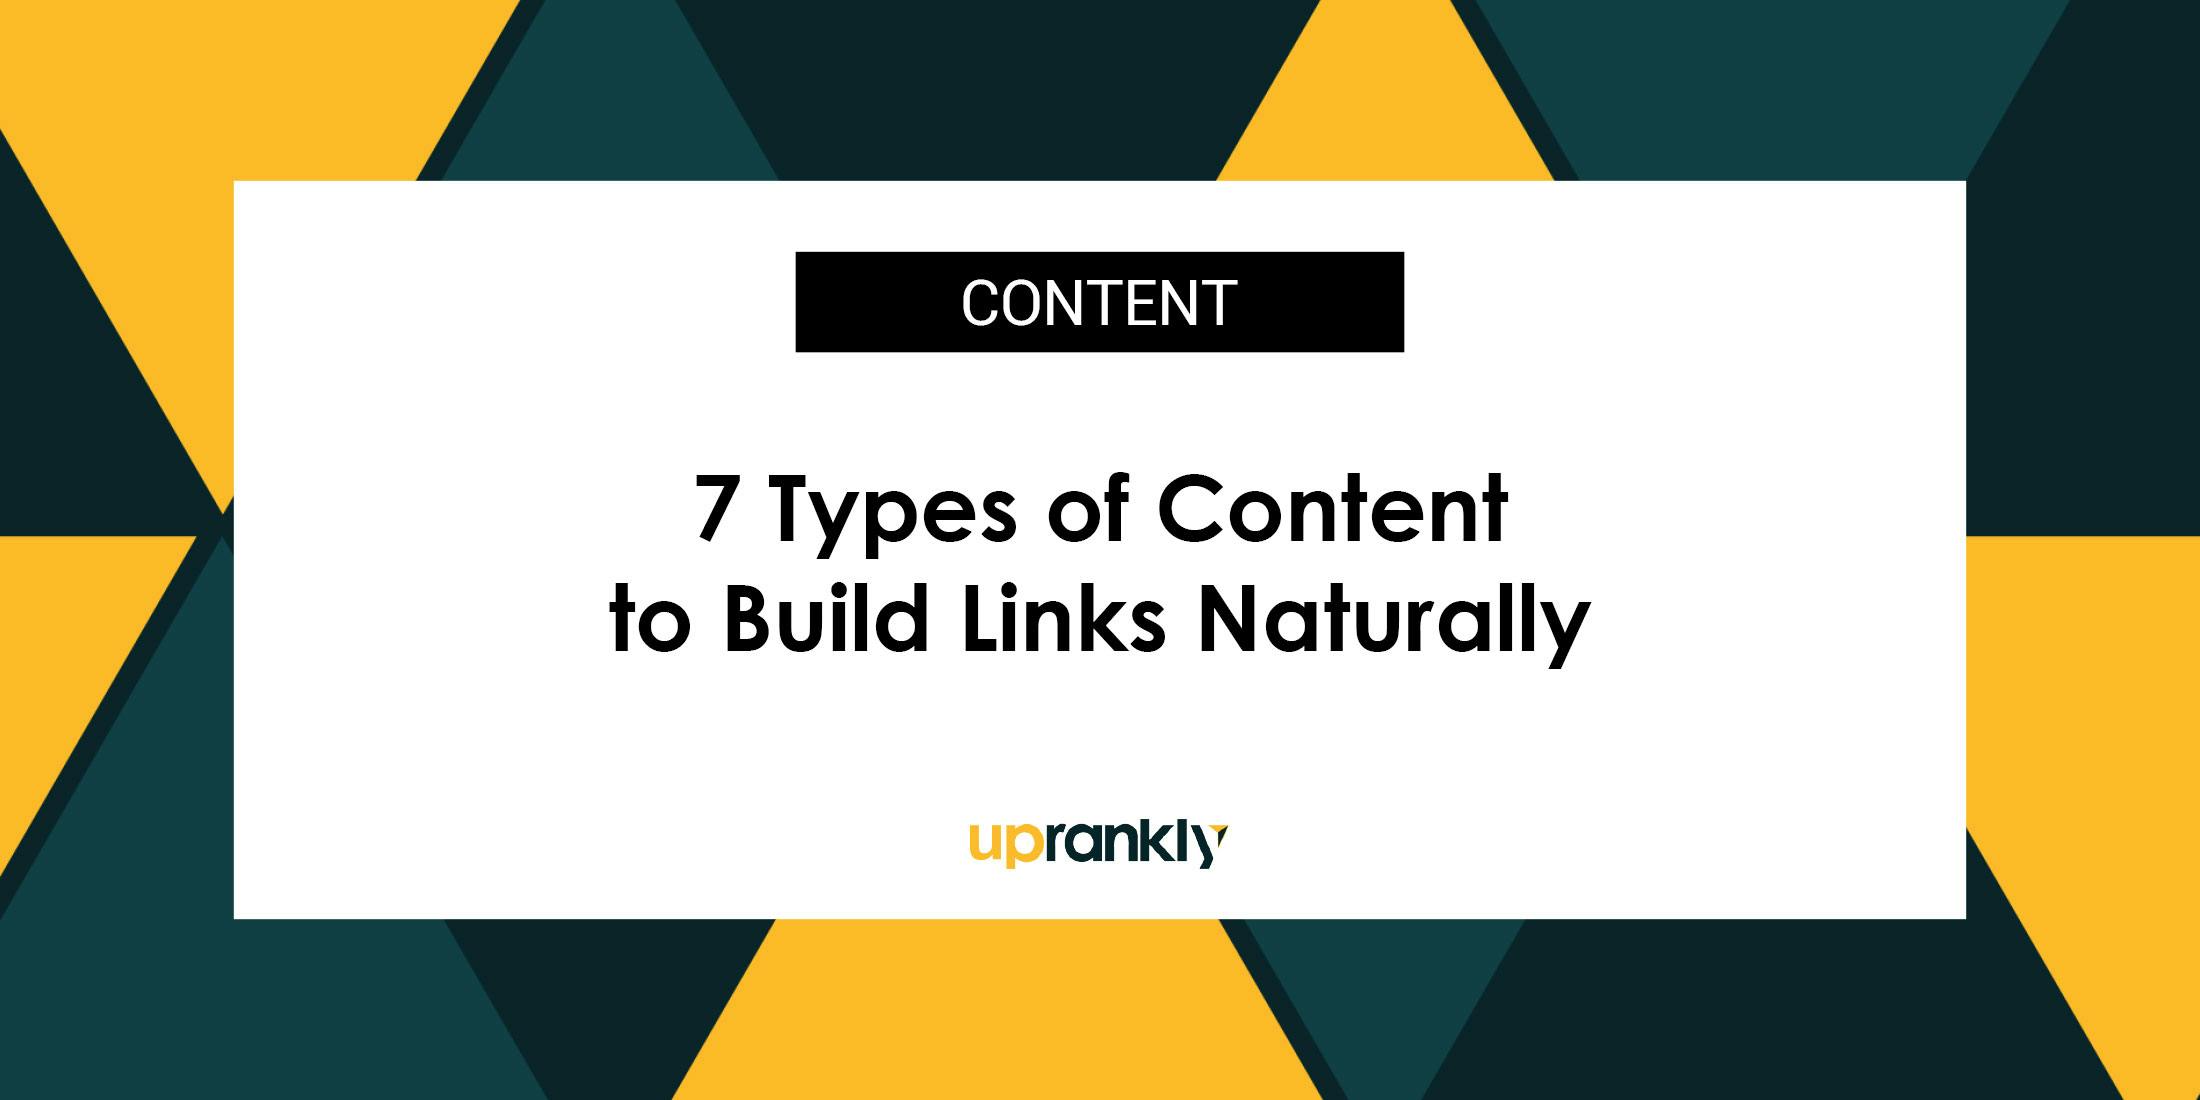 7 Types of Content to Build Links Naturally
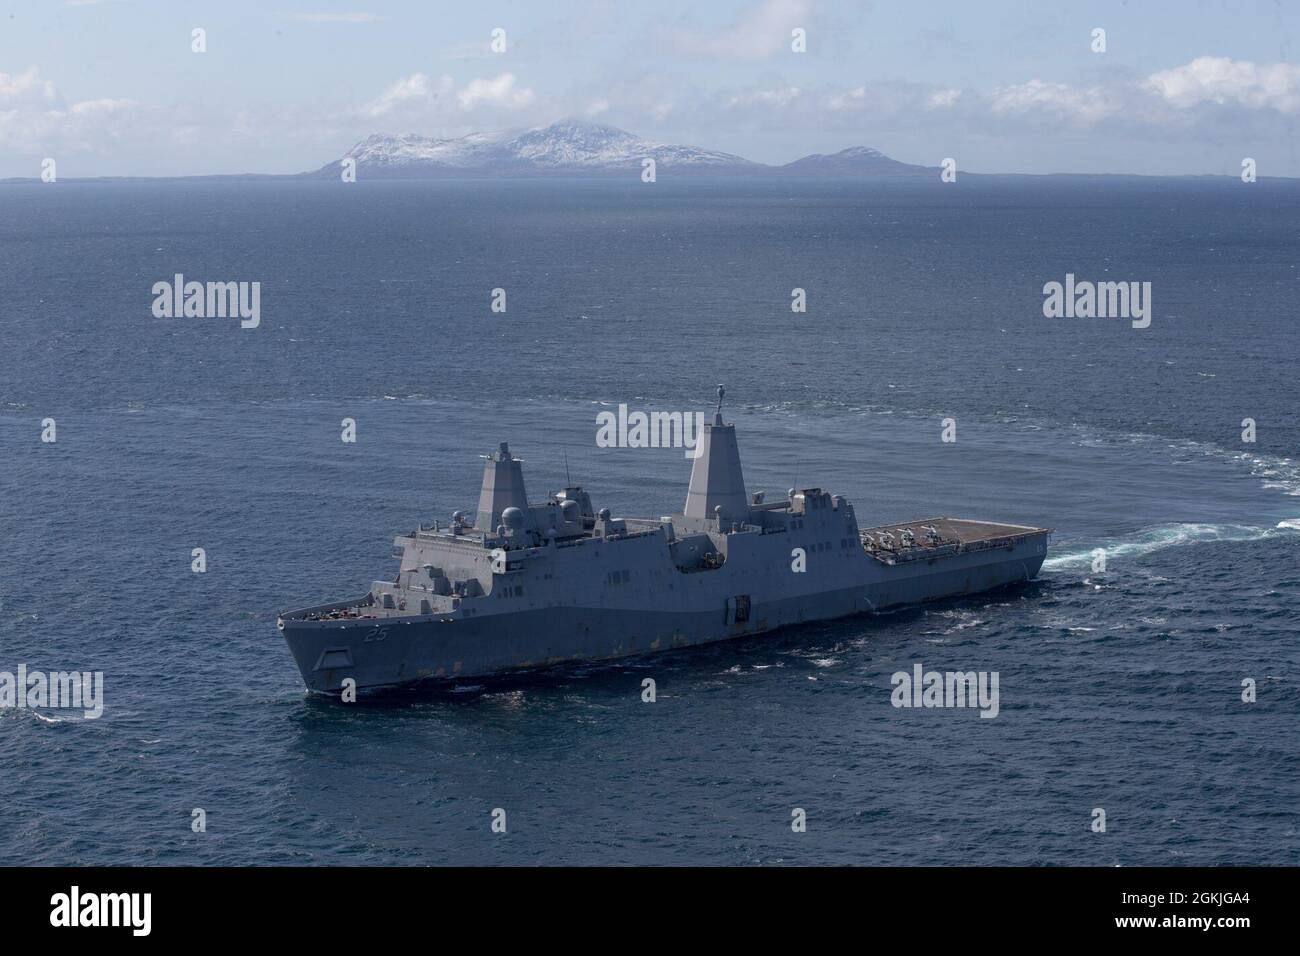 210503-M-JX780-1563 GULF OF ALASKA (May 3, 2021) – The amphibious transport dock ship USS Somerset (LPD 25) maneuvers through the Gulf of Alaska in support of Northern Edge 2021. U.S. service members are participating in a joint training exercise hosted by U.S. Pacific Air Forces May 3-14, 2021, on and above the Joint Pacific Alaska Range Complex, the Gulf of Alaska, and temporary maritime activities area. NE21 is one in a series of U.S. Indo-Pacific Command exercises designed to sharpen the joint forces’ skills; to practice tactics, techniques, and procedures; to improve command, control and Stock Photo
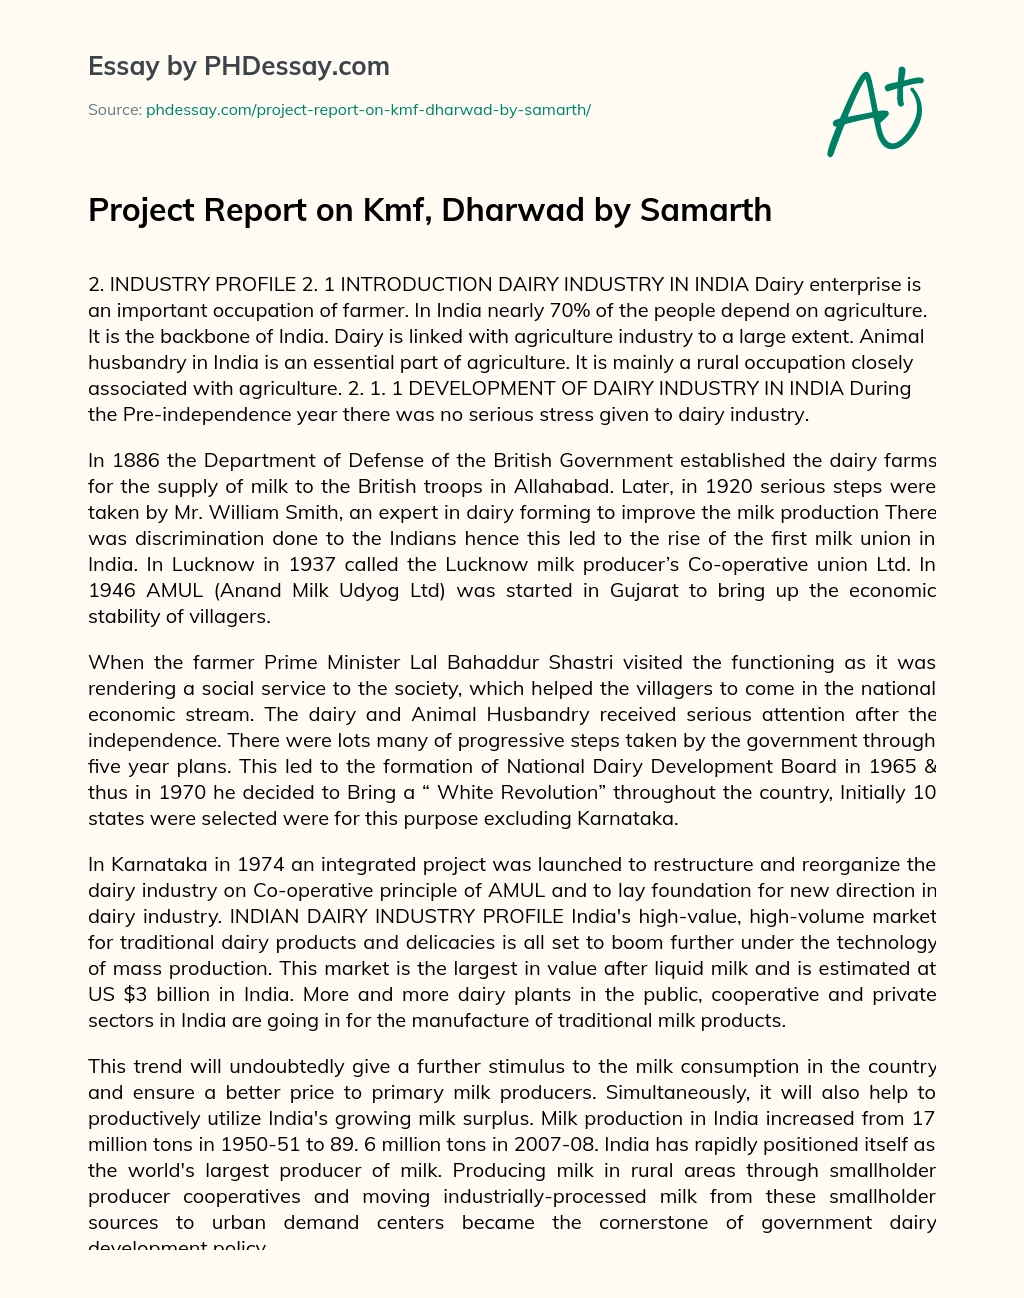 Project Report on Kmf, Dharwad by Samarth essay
··········
**Exercise goal:** Drop the images and return the data verbatim.

**Your response:**
 7 Types of Content to Build Links Naturally
 210503-M-JX780-1563 GULF OF ALASKA (May 3, 2021) – The amphibious transport dock ship USS Somerset (LPD 25) maneuvers through the Gulf of Alaska in support of Northern Edge 2021. U.S. service members are participating in a joint training exercise hosted by U.S. Pacific Air Forces May 3-14, 2021, on and above the Joint Pacific Alaska Range Complex, the Gulf of Alaska, and temporary maritime activities area. NE21 is one in a series of U.S. Indo-Pacific Command exercises designed to sharpen the joint forces’ skills; to practice tactics, techniques, and procedures; to improve command, control and Stock Photo
 Project Report on Kmf, Dharwad by Samarth essay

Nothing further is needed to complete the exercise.